If administrators follow this approach, then, they are seen as acting as outsiders to the university. Rakesh Khurana, a professor in the Harvard Business School, offers strong criticism of the unquestioning acceptance of marketplace ideals in business education. On a 2002 report by the Association to Advance Collegiate Schools of Business, which stressed the marketability and potential for future earnings of the holder of the MBA degree. Khurana writes, “Nowhere in this report, authored by a committee consisting mostly of business educators, was there any discussion of education as a mission, management as a profession, or the risk to the integrity of university business schools from an uncritical adoption of a commercial self-conception” ([12] , p. 343). According to Khurana, the selling of the MBA as a product destroys the real value of the degree and ignores the purpose for which it was designed; due to commercialization, the MBA degree “is not a way of certifying to outside parties that students have mastered any particular body of knowledge [...] It does not attest that an individual has been socialized to assume a particular identity and set of attendant obligations [...] In other words, whatever else the MBA may be once it has been subjected to such commercialization, it is a professional degree only in the loosest, most popular sense of the term” (p. 344). If they cannot demonstrate what their students have learned, business schools fall back on the proxy of the starting salaries of graduates to indicate the value of the degrees they offer: “with little or nothing to be gained in the marketplace from reputations for intellectual rigor or educating students in the social responsibilities of management, business school administrators are now challenged primarily to demonstrate that their schools provide access to high-paying jobs” (p. 347). Citing Nobel prize-winning economist Michael Spence, Khurana explains that employers’ uncertainty about how to evaluate job candidates makes them use the MBA as a proxy for applicants’ employability (p. 348). Tellingly, Khurana explicitly links the corporate focus on shareholders rather than on products and services to the business school focus on graduates’ salaries:

The ideas of shareholder primacy and managers as the agents of shareholders stripped the occupation of management of any last vestiges of the professional identity, self-respect, or responsibility that had been attached to it through the efforts of business school founders, leaders, and faculty going back over a century to the birth of the university business school. This raised the question, among others, of whether business schools were actually ‘professional schools’ if business management itself was not actually a profession. And if they were not?if, instead, business schools were highly sophisticated trade schools that existed to prepare students, by and large, for careers dedicated to the sole purpose of creating private wealth, for themselves as ‘agents’ as well as for shareholders as ‘principals’?another question that arose was whether business schools remained aligned with the mission of the university to preserve, create, and transmit knowledge to advance the public good. (p. 331)
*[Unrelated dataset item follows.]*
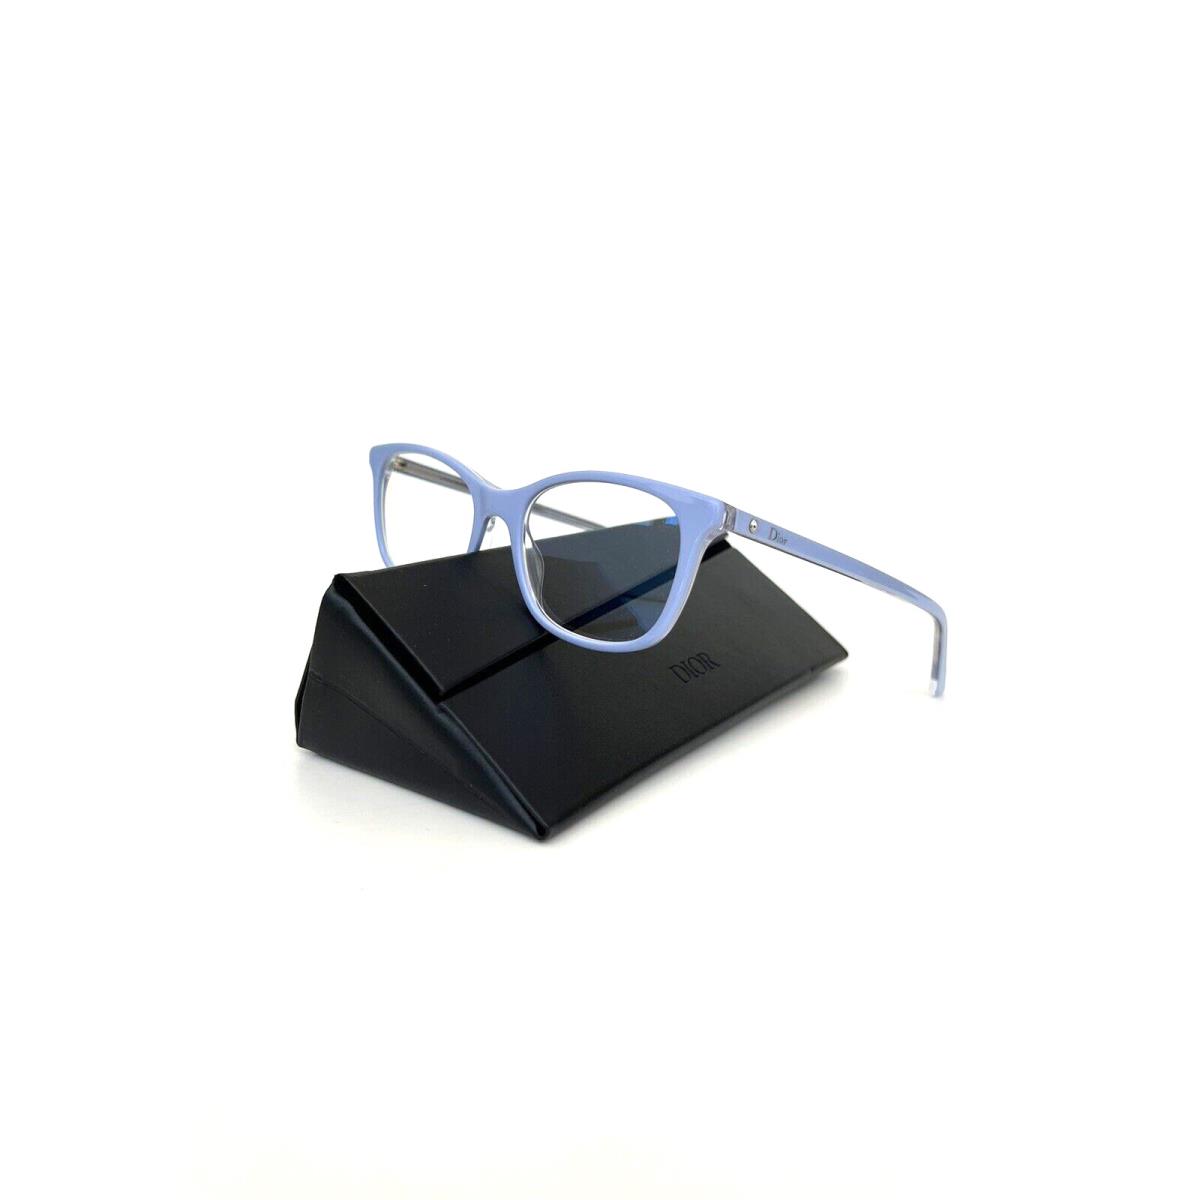 Dior Frames Montaigne N18 50 18 140 Light Blue Eyeglasses Women s Frames

In this use of a proxy in the face of an inability to judge, these employers resemble university administrators who use publication statistics as a proxy for academic excellence, who likewise signal by their use of a similar kind of proxy that they are unable to judge the attributes they are looking for.

In such cases, I would argue that it is not likely that subordinating or accommodating faculty purposes to the decisions of those who are less reliably informed will be an effective method of improving a university. Take the question of curriculum, for example. Should a curriculum be decided by the faculty, or should students’ interests take precedence? While acknowledging that teachers are human and therefore imperfect, Wendell Berry [5] sees such academic decisions?specifically those of curriculum design?as questions involving a responsibility that rightfully belongs to faculty: “The responsibility to decide what to teach the young is an adult responsibility. When adults transfer this responsibility to the young, whether they do it by indifference or as a grant of freedom, they trap themselves in a kind of childishness. In that failure to accept responsibility, the teacher’s own learning and character are disemployed, and, in the contemporary industrialized education system, they are easily replaced by bureaucratic and methodological procedures, ‘job market’ specifications, and tests graded by machines” (p. 86). Imperfect as they are, faculty?not students, nor business leaders, nor administrators?must be responsible for what, and whether, they teach.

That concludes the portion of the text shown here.